Is it possible to be so secure, with such zen-like faith in life? In response, he narrates another anecdote; this time a conversation he had with his daughter. They were travelling in a car when Sethupathi quipped that all of us are one. “She asked me how. I told her that when we see from the road, we see vehicles and buildings. But what about if we were looking from the top of the building? What about, if we were sitting in a plane? What about if you are in the moon, from where you can see the Earth as a whole. As our psyche evolves, these things become apparent.” This is how he perceives his characters too. “If you understand the sense they are written with, analyse the sense of justice that they embody, you can become that character.”  

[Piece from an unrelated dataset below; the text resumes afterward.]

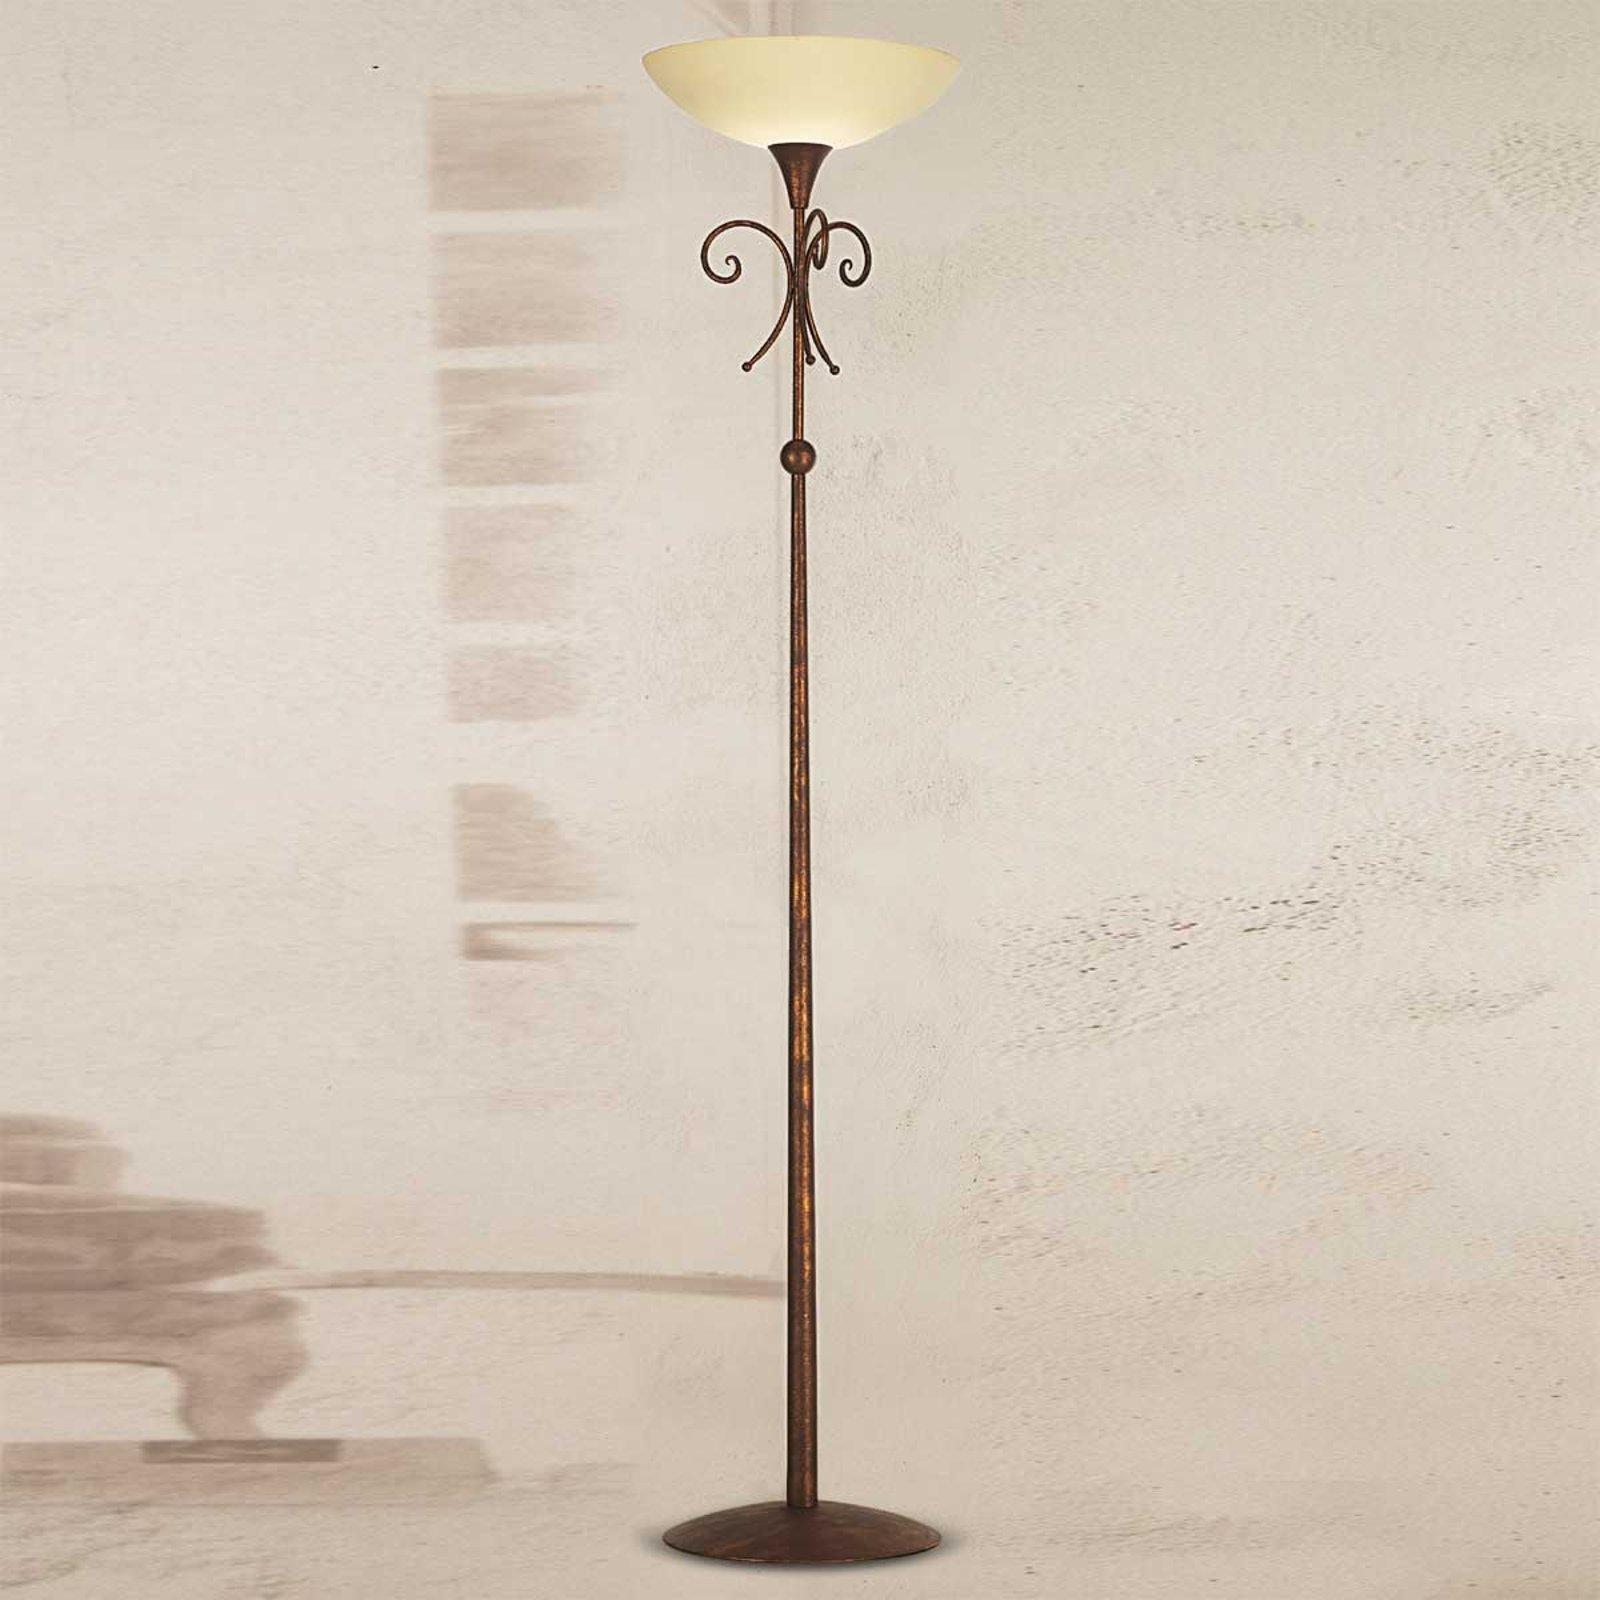 Antikkbrun stålampe Federico
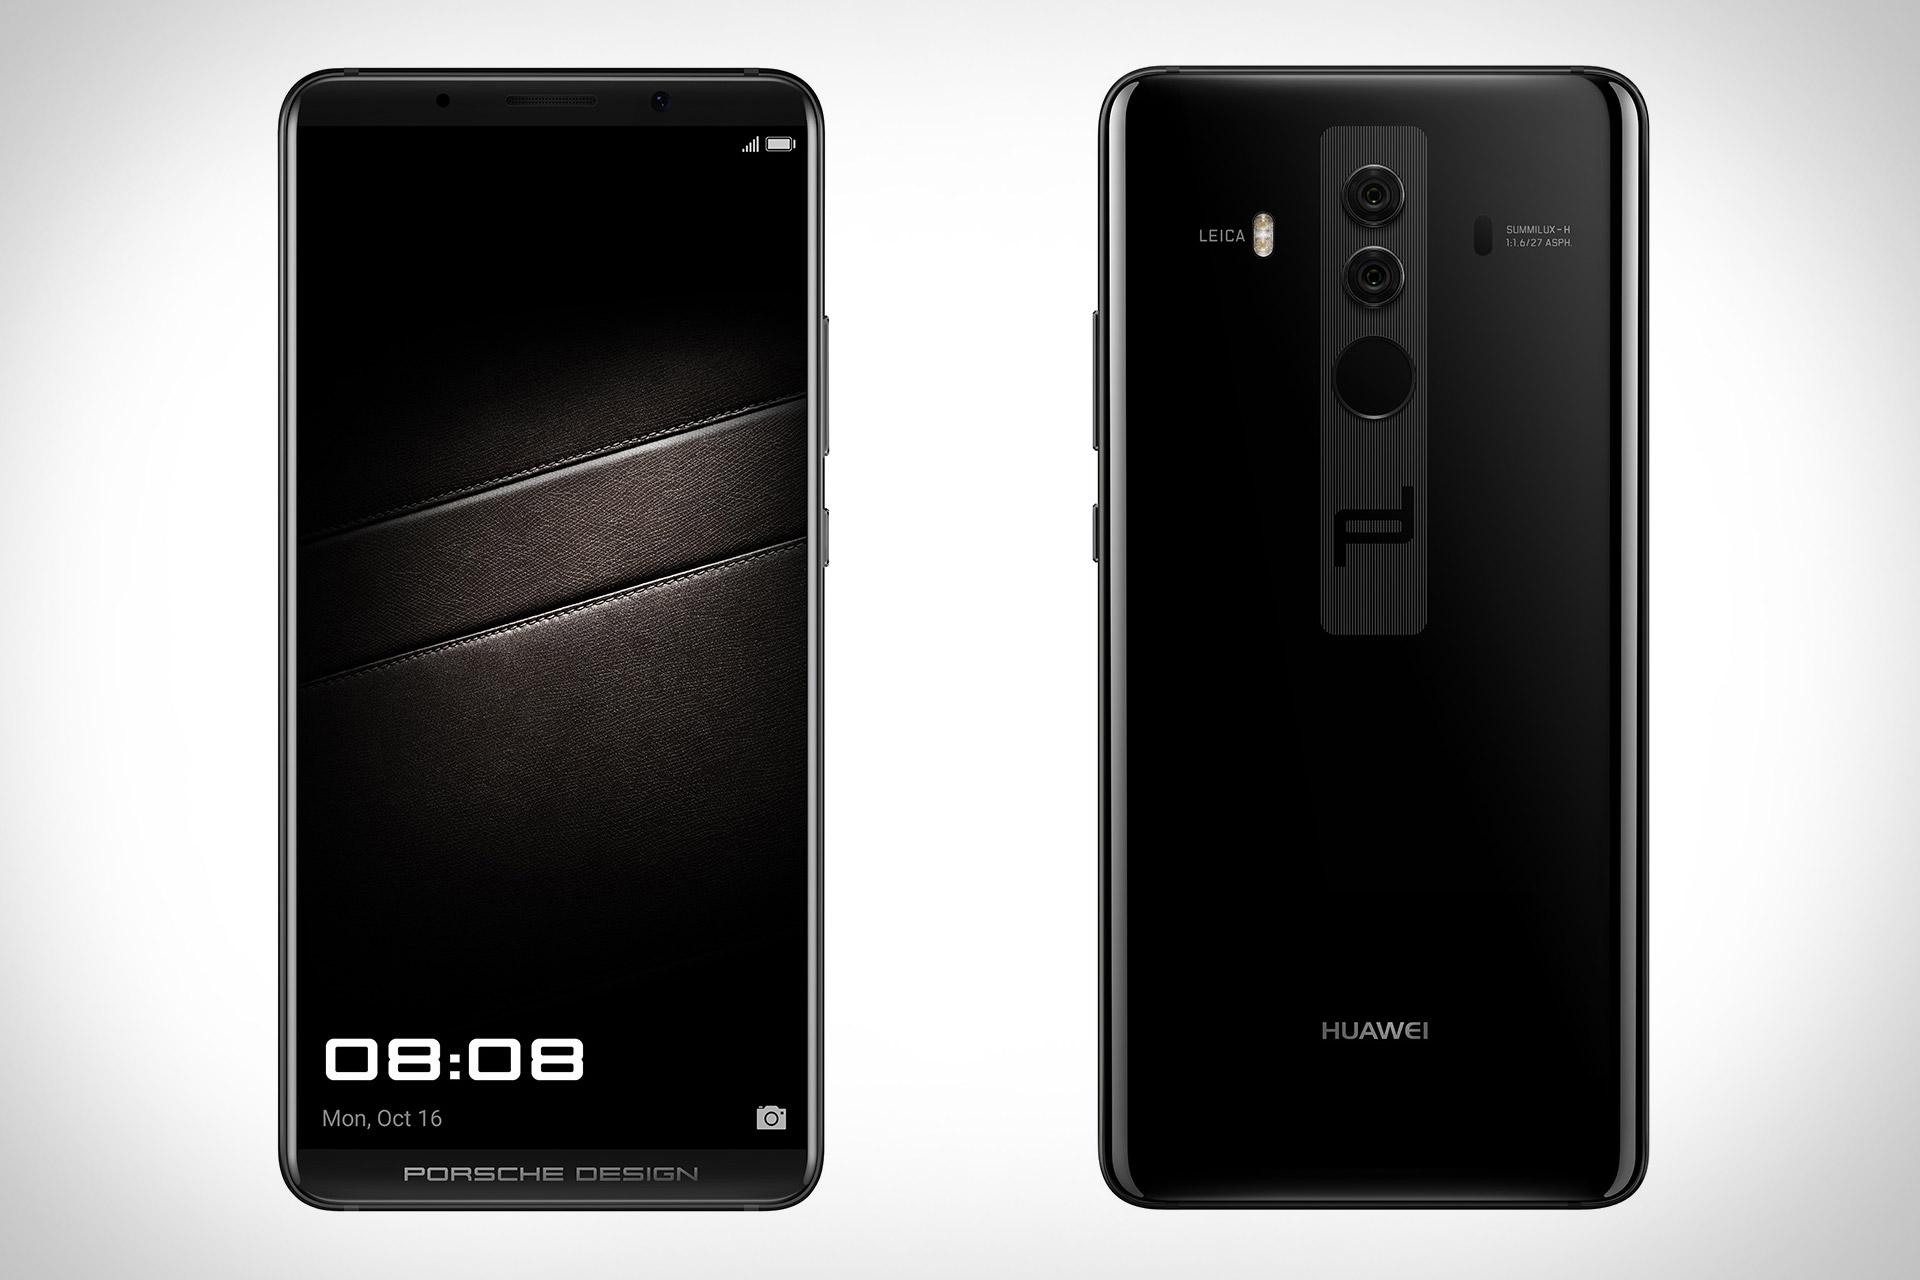 Huawei x Porsche Design Mate 10 Smartphone

Vijay Sethupathi has an incredible line-up of films. Alongside, he’s working on the screenplay of a film, and is also hosting a television show. As we wrap up our conversation, I ask him what fuels all this energy. “Learning. Only I know what I have learnt -- what my weaknesses are and where I am empty.” He takes the example of his TV show and lists a number of things he learnt from it -- to think freely, to enunciate and pace his words, to keep the conversation engaging and more. He says that there are only two things that are perennially exciting. “Learning and revenge. Everything else wanes,” he states, and then quickly adds love to the list. “Everything else wanes.”